If you stop here, you should still understand:

  • what the dual function is
  • why weak duality gives a lower-bound certificate
  • when strong duality lets primal and dual solutions meet
  • why dual variables carry sensitivity information

3 Why It Matters

Duality is one of the reasons optimization feels deeper than just minimize a formula.

Instead of looking only at candidate primal solutions, duality lets you reason from the other side:

  • produce lower bounds on the best achievable value
  • certify that a proposed solution is already optimal
  • understand which constraints are expensive or binding
  • reformulate a problem into a form that is easier to solve or interpret

This is why duality appears everywhere:

  • in support vector machines and kernel methods
  • in regularized estimation and sparse recovery
  • in control and model predictive control
  • in decomposition methods and large-scale optimization
  • in differentiable optimization layers, where KKT and dual systems become part of a learning pipeline

4 Prerequisite Recall

  • the Lagrangian is

\[ \mathcal{L}(x,\lambda,\nu) = f(x)+\sum_{i=1}^m \lambda_i g_i(x)+\nu^\top(Ax-b) \]

for inequality multipliers \(\lambda \ge 0\) and equality multipliers \(\nu\) - KKT conditions combine primal feasibility, dual feasibility, stationarity, and complementary slackness - in a convex problem with suitable regularity, KKT conditions become sufficient

5 Intuition

The primal problem asks:

what is the best feasible decision x?

The dual problem asks a different question:

what lower bound on the optimal value can I certify by weighting the constraints?
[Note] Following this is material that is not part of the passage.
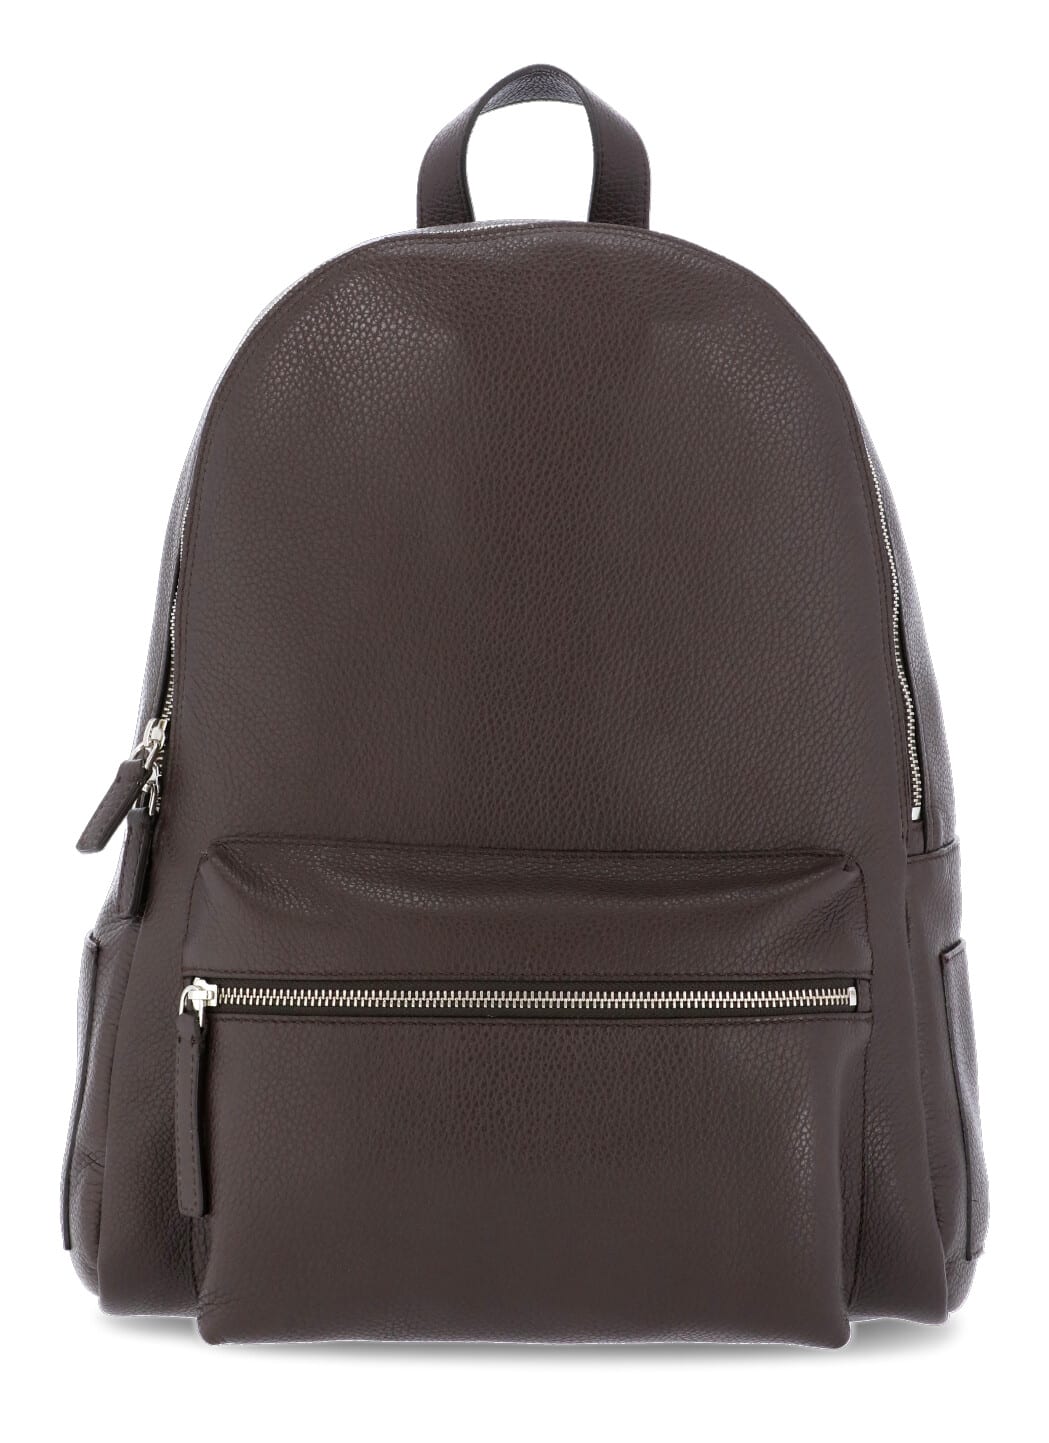 Orciani Leather Micron Backpack

The Lagrangian temporarily relaxes the constraints and adds penalties for violating them. If the multipliers have the right sign, minimizing the Lagrangian over \(x\) produces a quantity that can never exceed the true primal optimum. That quantity is the dual function.

So the dual problem is a search over good lower bounds.

When the best lower bound equals the primal optimum, there is no gap, and the primal-dual pair certifies optimality exactly.

This is the main picture:

  • primal feasible point -> upper bound on the optimum
  • dual feasible point -> lower bound on the optimum
  • matching bounds -> certificate of optimality

6 Formal Core

Consider the constrained problem

\[ \begin{aligned} \text{minimize} \quad & f(x) \\ \text{subject to} \quad & g_i(x) \le 0,\quad i=1,\dots,m, \\ & Ax=b. \end{aligned} \]

Definition 1 (Definition) The dual function is

\[ q(\lambda,\nu)=\inf_x \mathcal{L}(x,\lambda,\nu), \]

where

\[ \mathcal{L}(x,\lambda,\nu) = f(x)+\sum_{i=1}^m \lambda_i g_i(x)+\nu^\top(Ax-b) \]

and \(\lambda \ge 0\).

The dual problem is

\[ \begin{aligned} \text{maximize} \quad & q(\lambda,\nu) \\ \text{subject to} \quad & \lambda \ge 0. \end{aligned} \]

Theorem 1 (Weak Duality) For every primal feasible point \(x\) and every dual feasible pair \((\lambda,\nu)\),

\[ q(\lambda,\nu)\le f(x). \]

In particular, if \(p^\star\) is the primal optimum and \(d^\star\) is the dual optimum, then

\[ d^\star \le p^\star. \]

So every dual feasible point is already a valid lower-bound certificate.

Theorem 2 (Strong Duality (Convex Case)) If the primal problem is convex and a regularity condition such as Slater’s condition holds, then

\[ d^\star = p^\star. \]

In that case, an optimal primal-dual pair certifies optimality exactly.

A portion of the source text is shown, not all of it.